# Facial Expression Expressiveness Recognition System

This notebook implements a CNN-based facial expression recognition system that classifies facial expressions into three categories based on expressiveness levels rather than traditional emotions:

- **Reserved Expression**: Low facial expressiveness (negative facial expression scores)
- **Balanced Expression**: Neutral facial expressiveness (facial expression scores around zero)
- **Expressive**: High facial expressiveness (positive facial expression scores)

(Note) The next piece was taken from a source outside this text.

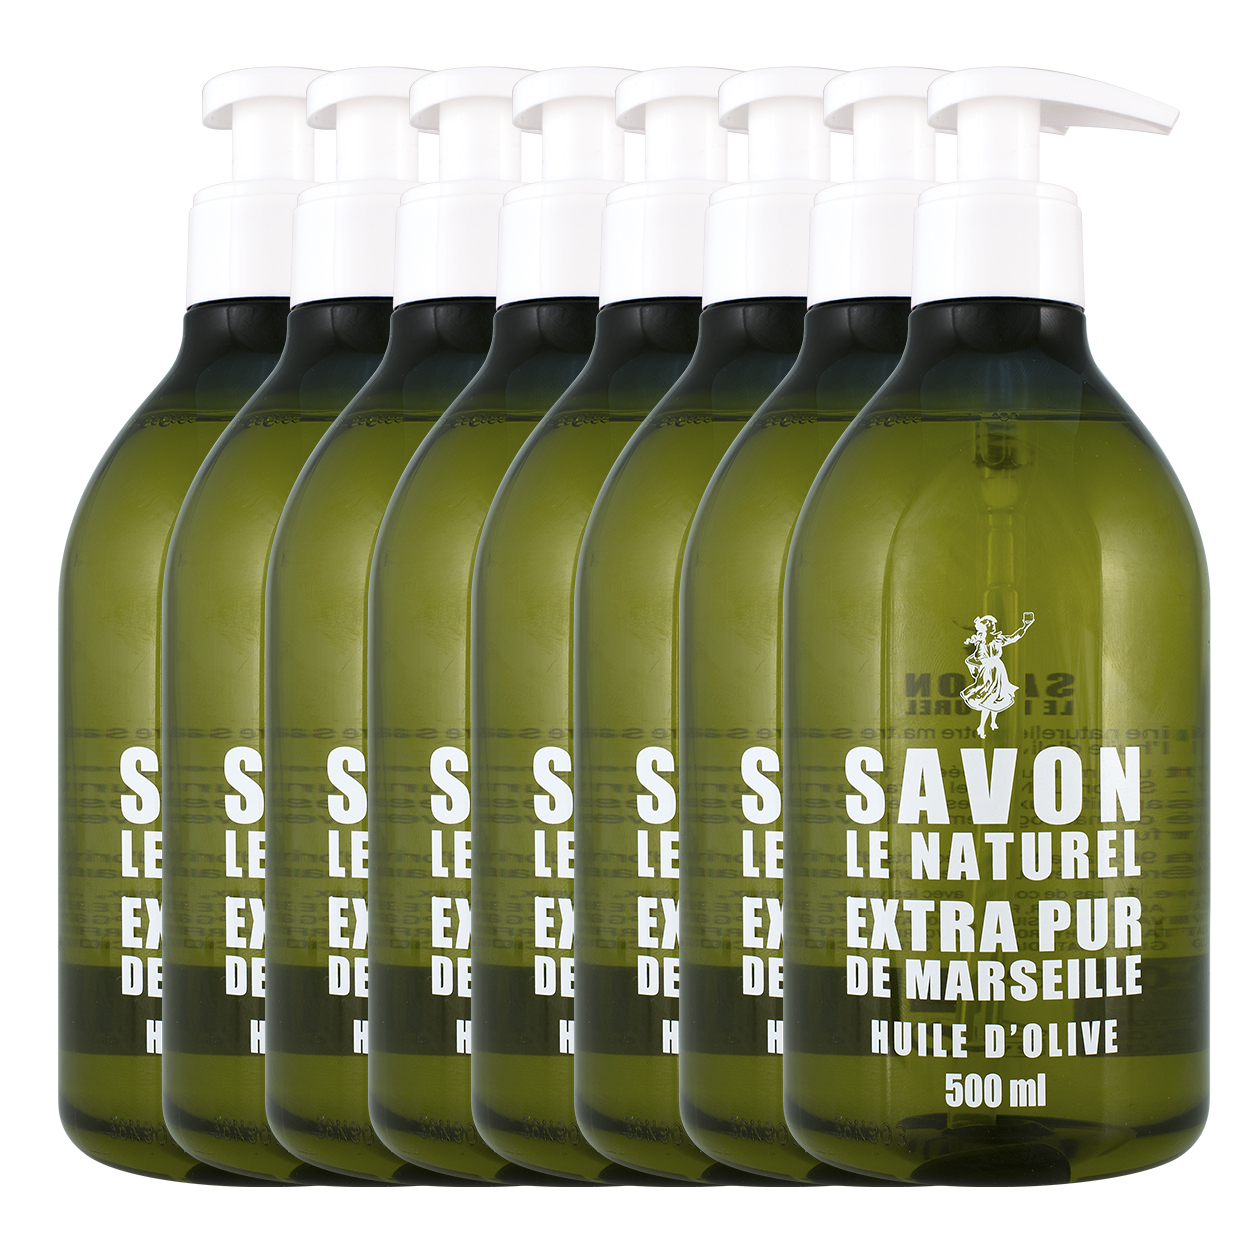 Savon le Naturel Savon Vloeibare Natuurlijk Handzeep - Olijfolie - 8 x 500ml - Multiverpakking

This approach differs from Ekman's 7 basic emotions by focusing on the intensity of facial expressiveness rather than specific emotional states.

The system uses:
- **MediaPipe** for face detection (alternative to OpenCV)
- **TensorFlow/Keras** for the CNN model (alternative to PyTorch)
- **RecruitView_Data** dataset for training

## 1. Setup and Imports

In [None]:
# Install required packages if not already installed
# !pip install tensorflow mediapipe opencv-python pandas numpy scikit-learn matplotlib seaborn

import numpy as np
import pandas as pd
import tensorflow as tf
from tensorflow import keras
import mediapipe as mp
import cv2
import matplotlib.pyplot as plt
import seaborn as sns
from sklearn.model_selection import train_test_split
from sklearn.metrics import classification_report, confusion_matrix
from sklearn.preprocessing import LabelEncoder
import json
import os
from tqdm import tqdm
import warnings
warnings.filterwarnings('ignore')

print("Libraries imported successfully!")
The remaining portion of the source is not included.